RECORDS FOR THIS TASK:
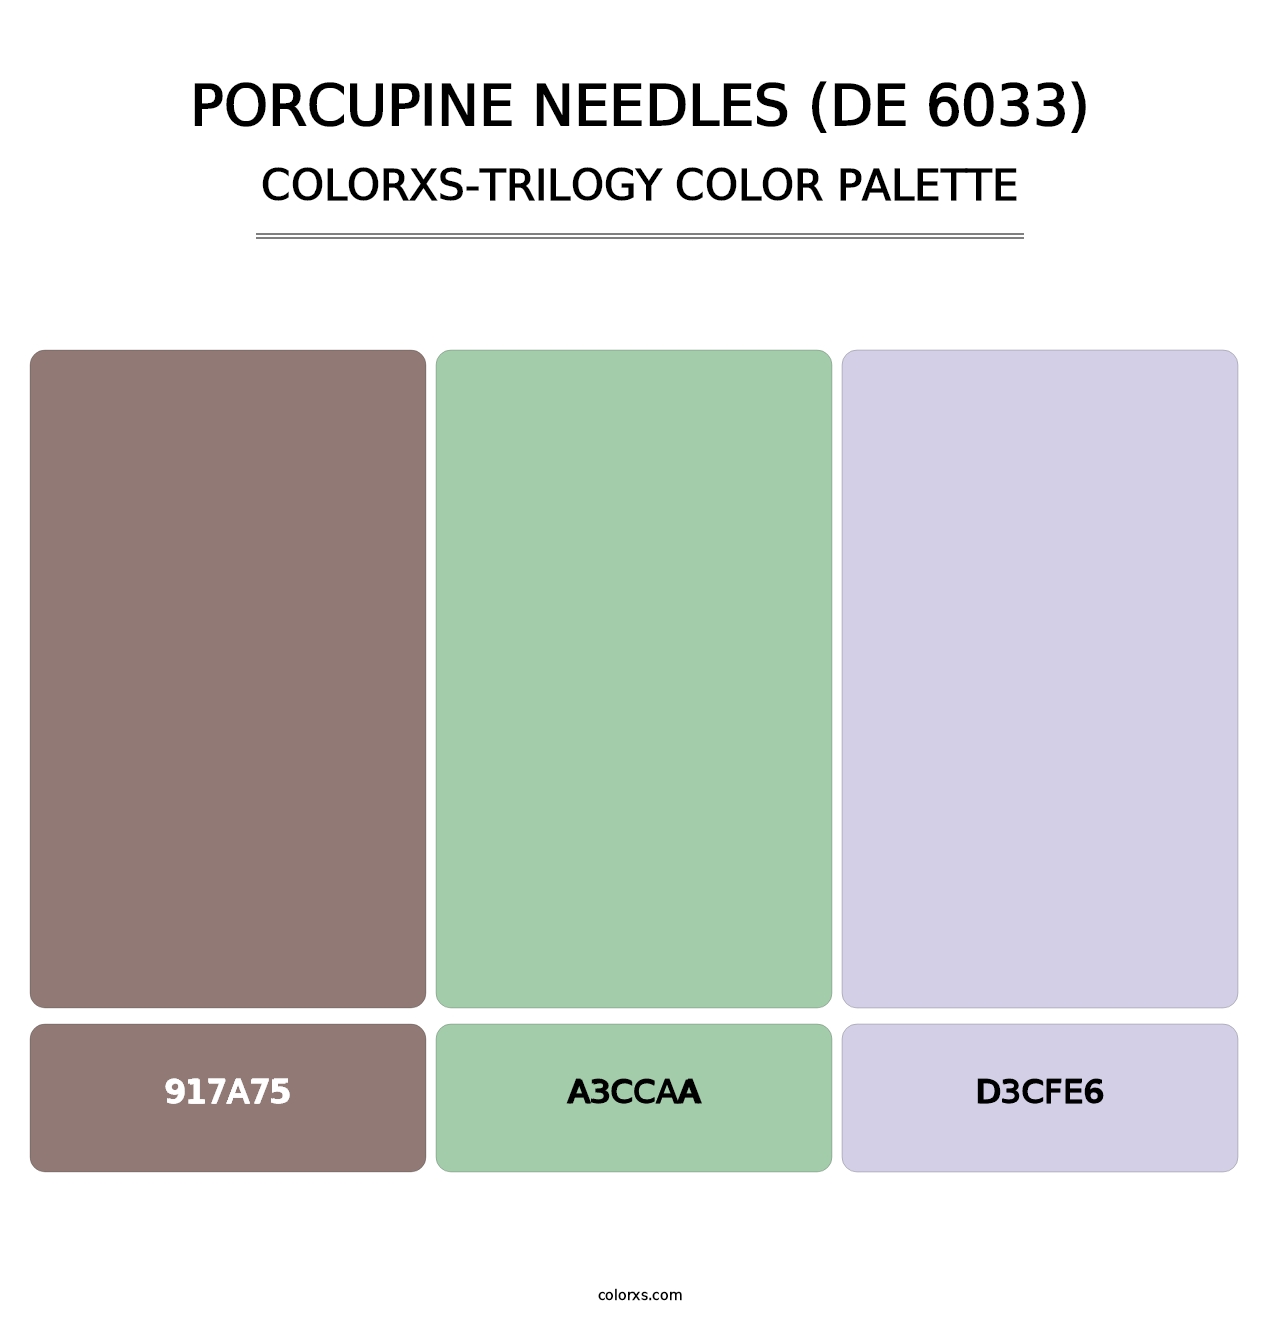 Porcupine Needles (DE 6033) - Colorxs Trilogy Palette
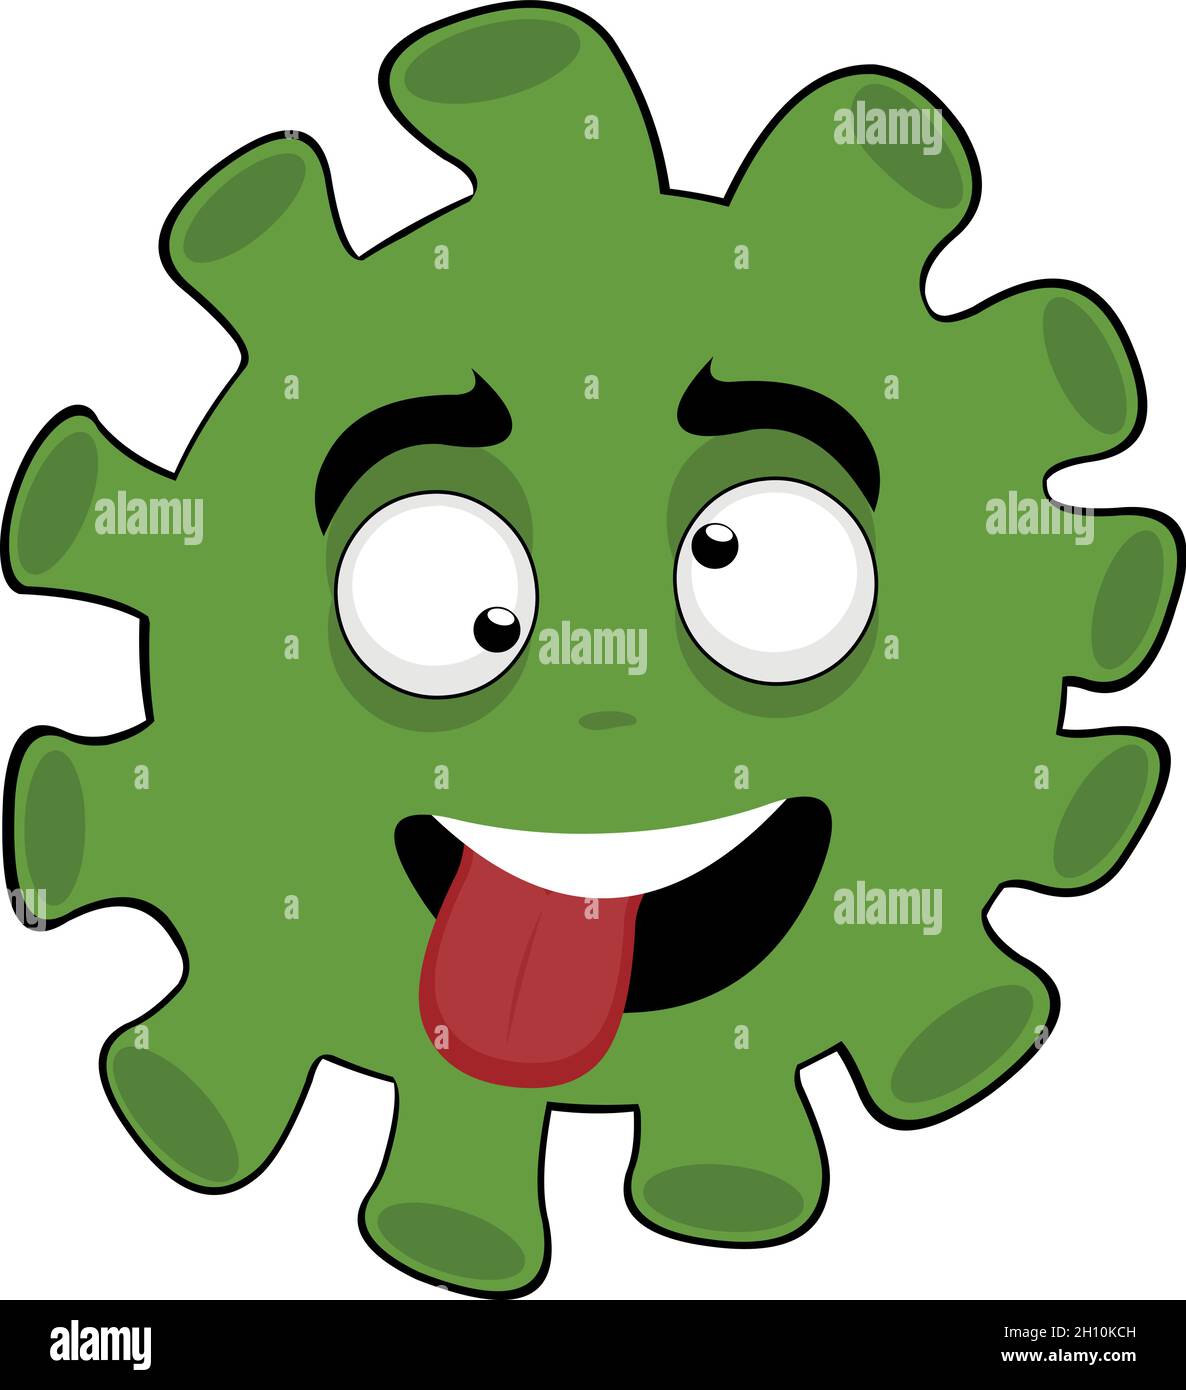 Vecteur émoticône illustration d'une caricature de bactéries, de virus ou de microbe, avec une expression folle et drôle Illustration de Vecteur
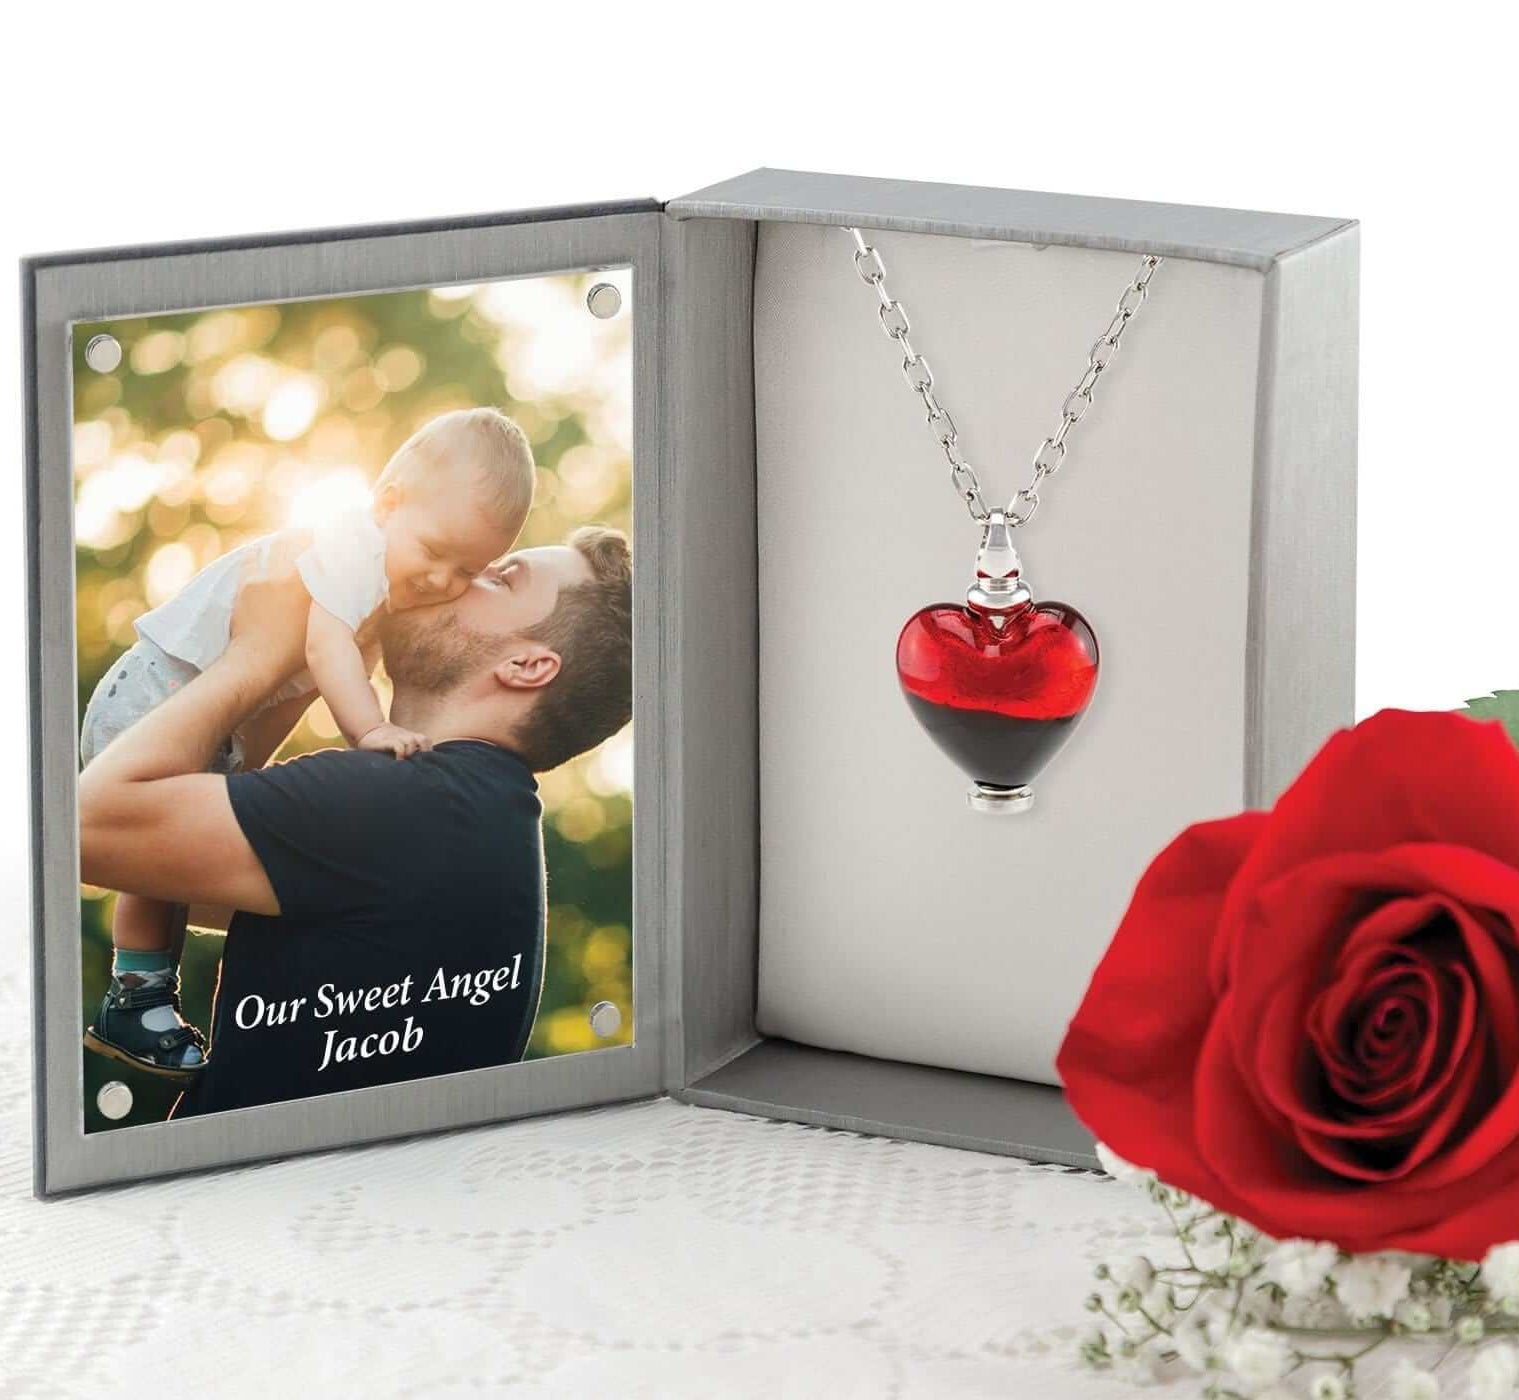 Cara Keepsakes Murano Glass Heart Urn - 'Everlasting Love' in jewelry box
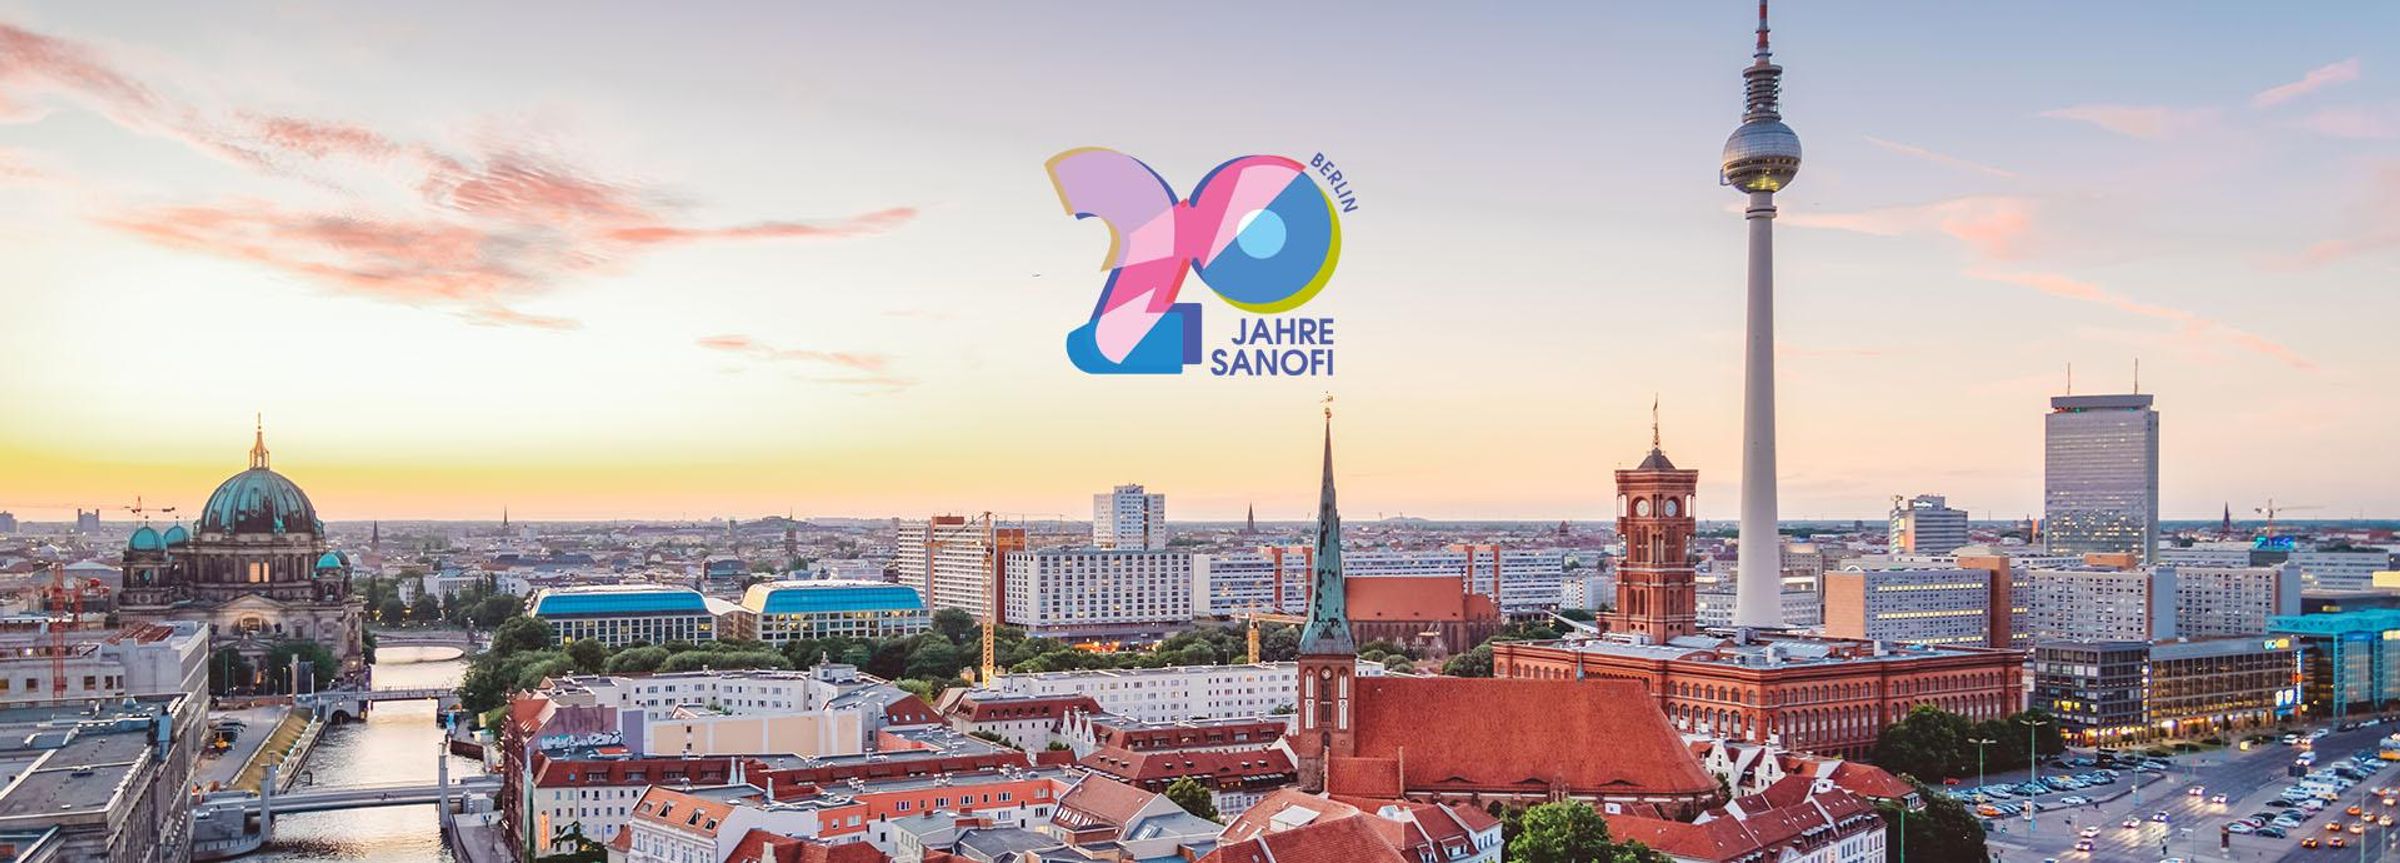 20 Jahre Sanofi in Berlin: Unser Engagement in der Hauptstadt
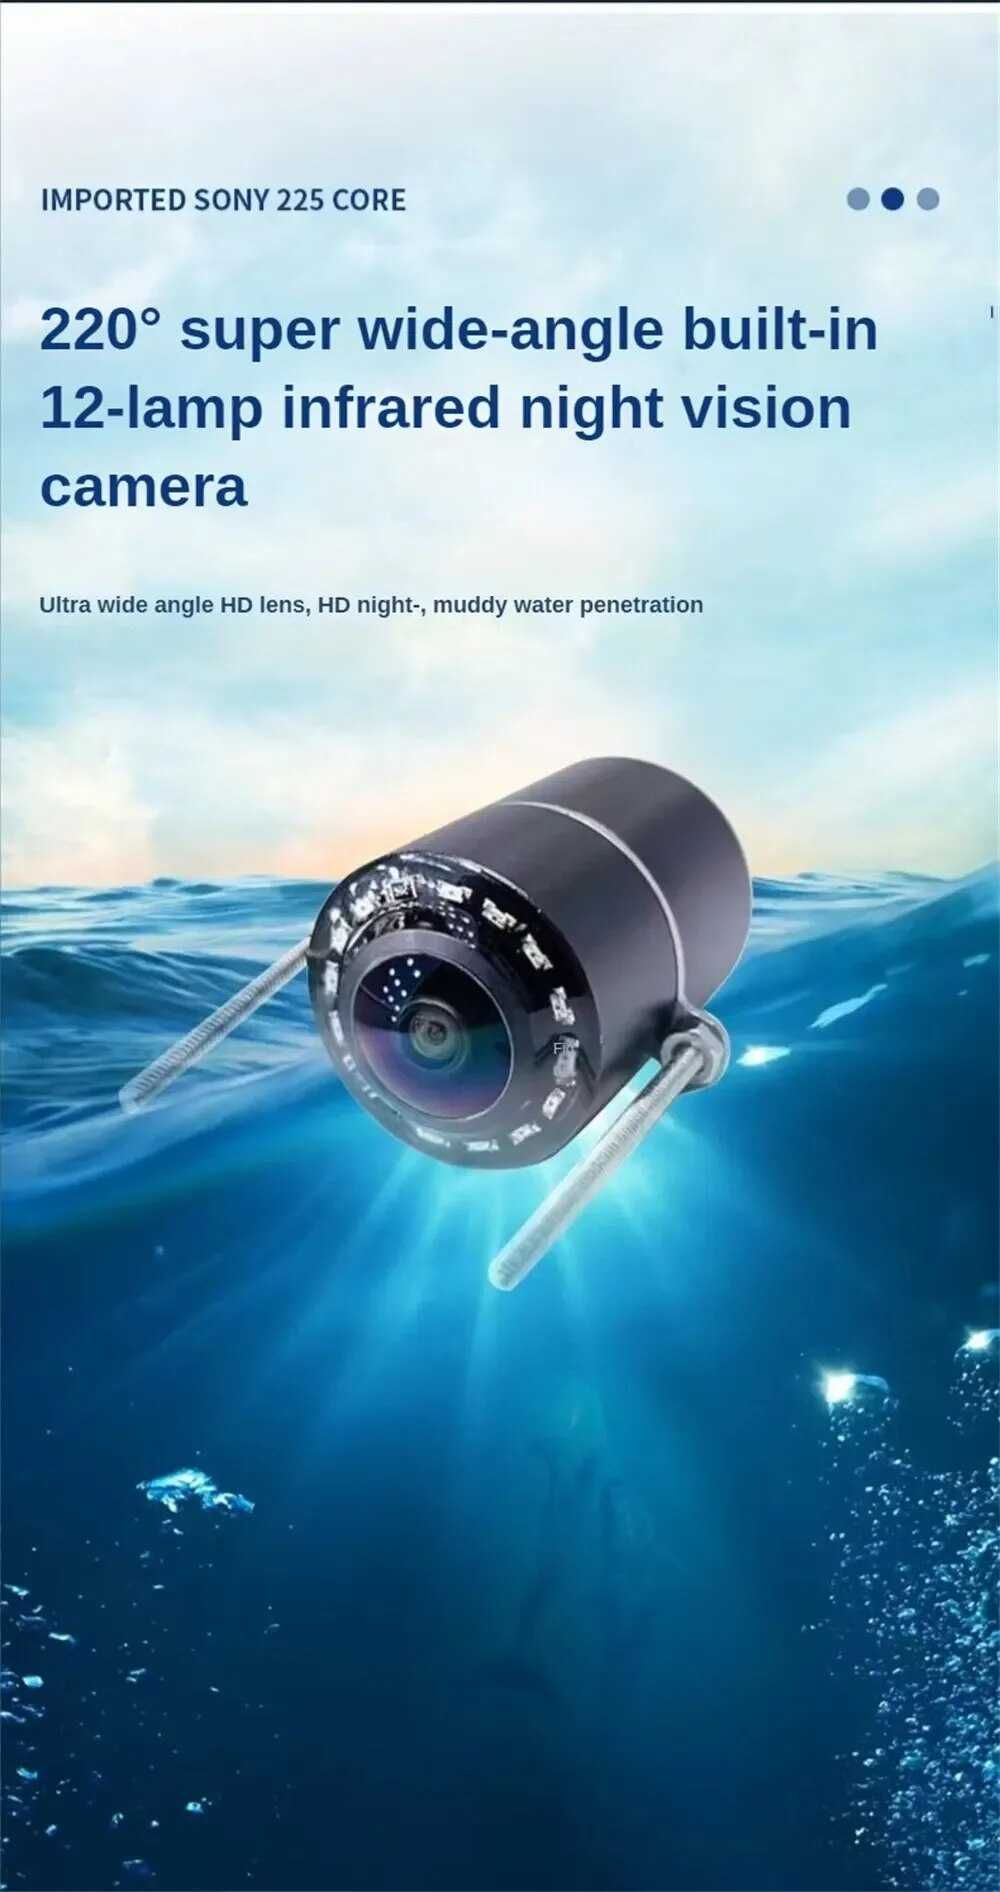 Fish Finder Lokalizator ryb kamera wyświetlacz LCD 4.3

EXERCISE AIM:
Transcribe exactly the line containing "Cara Keepsakes Murano" and every line after it through the end of the listing above; pictures are not part of the copy.

ANSWER SPACE:
 Cara Keepsakes Murano Glass Heart Urn - 'Everlasting Love' in jewelry box
 20 Jahre Sanofi in Berlin: Unser Engagement in der Hauptstadt
 Fish Finder Lokalizator ryb kamera wyświetlacz LCD 4.3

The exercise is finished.